Faktor risiko lain yang diketahui memperparah dan mempersulit penyembuhan tukak lambung dan duodenum meliputi:

  • Anda suka makan makanan pedas
  • Anda peminum alkohol
  • Anda pernah memiliki riwayat tukak lambung sebelumnya
  • Anda perokok
  • Anda memiliki stres yang belum teratasi 

Diagnosis

Apa saja tes yang biasa dilakukan untuk tukak lambung?

Untuk diagnosis, umumnya dokter akan mulai menanyakan tentang riwayat kesehatan Anda. Beri tahu dokter kapan dan di mana Anda paling sering mengalami gejala. Tukak lambung dan duodenum dapat menyebabkan rasa sakit di berbagai bagian perut Anda. 

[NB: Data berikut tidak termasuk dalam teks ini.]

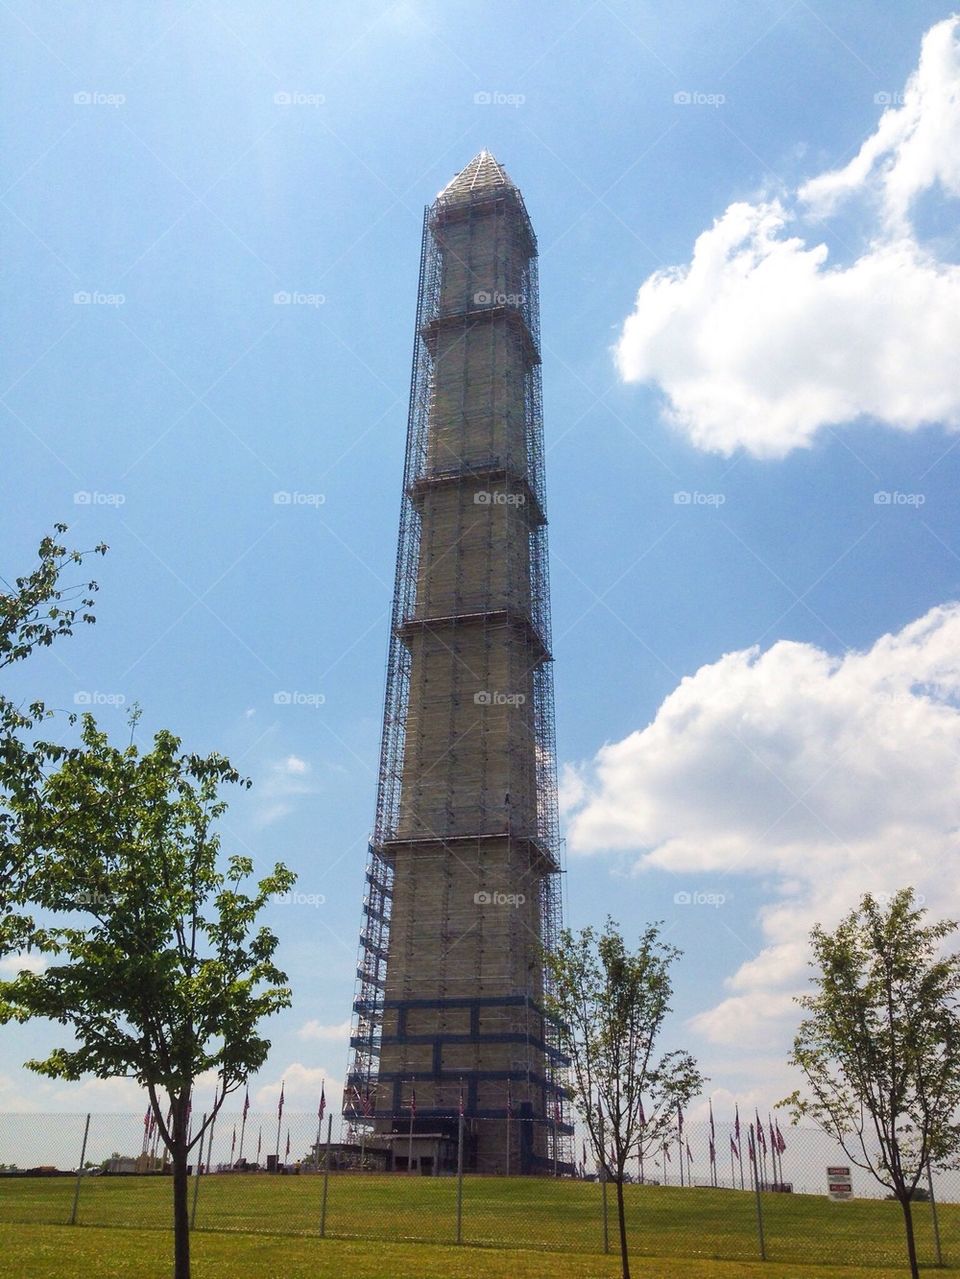 Washington Monument during Construction

Berbagai tes biasanya akan direkomendasikan karena nyeri perut yang didiuga tukak lambung memiliki banyak penyebab. Jika dokter Anda menganggap H. pylori adalah penyebab tukak lambung, dokter akan memastikan lewat tes berikut ini:

  • Tes darah, untuk melihat apakah ada penangkal infeksi H. Pylori dalam aliran darah 
  • Tes antigen feses akan dilakukan dengan mengirim sampel feses ke laboratorium untuk pengujian. Nantinya akan dicari protein tertentu dalam feses Anda yang berhubungan dengan bakteri H. pylori.
  • Tes napas urea akan dilakukan dengan cara menelan pil yang mengandung formulasi urea. Anda akan diinstruksikan bernapas ke dalam kantong khusus sebelum dan sesudah menelan pil. Kemudian tingkat karbon dioksida dari Anda diukur berdasarkan hasil tertentu pada kantong
  • Tes Esophagogastroduodenoscopy (EGD) akan dilakukan dengan cara memeasukkan alat dengan kamera di ujungnya, yang dikenal sebagai ruang lingkup, Alat tersebut akan memeriksa perut Anda yang masuk melalui mulut Anda dan turun ke kerongkongan, perut, dan usus kecil.
  • Dokter Anda akan dapat mencari borok dan area abnormal lainnya, serta mengambil sampel jaringan (biopsi). 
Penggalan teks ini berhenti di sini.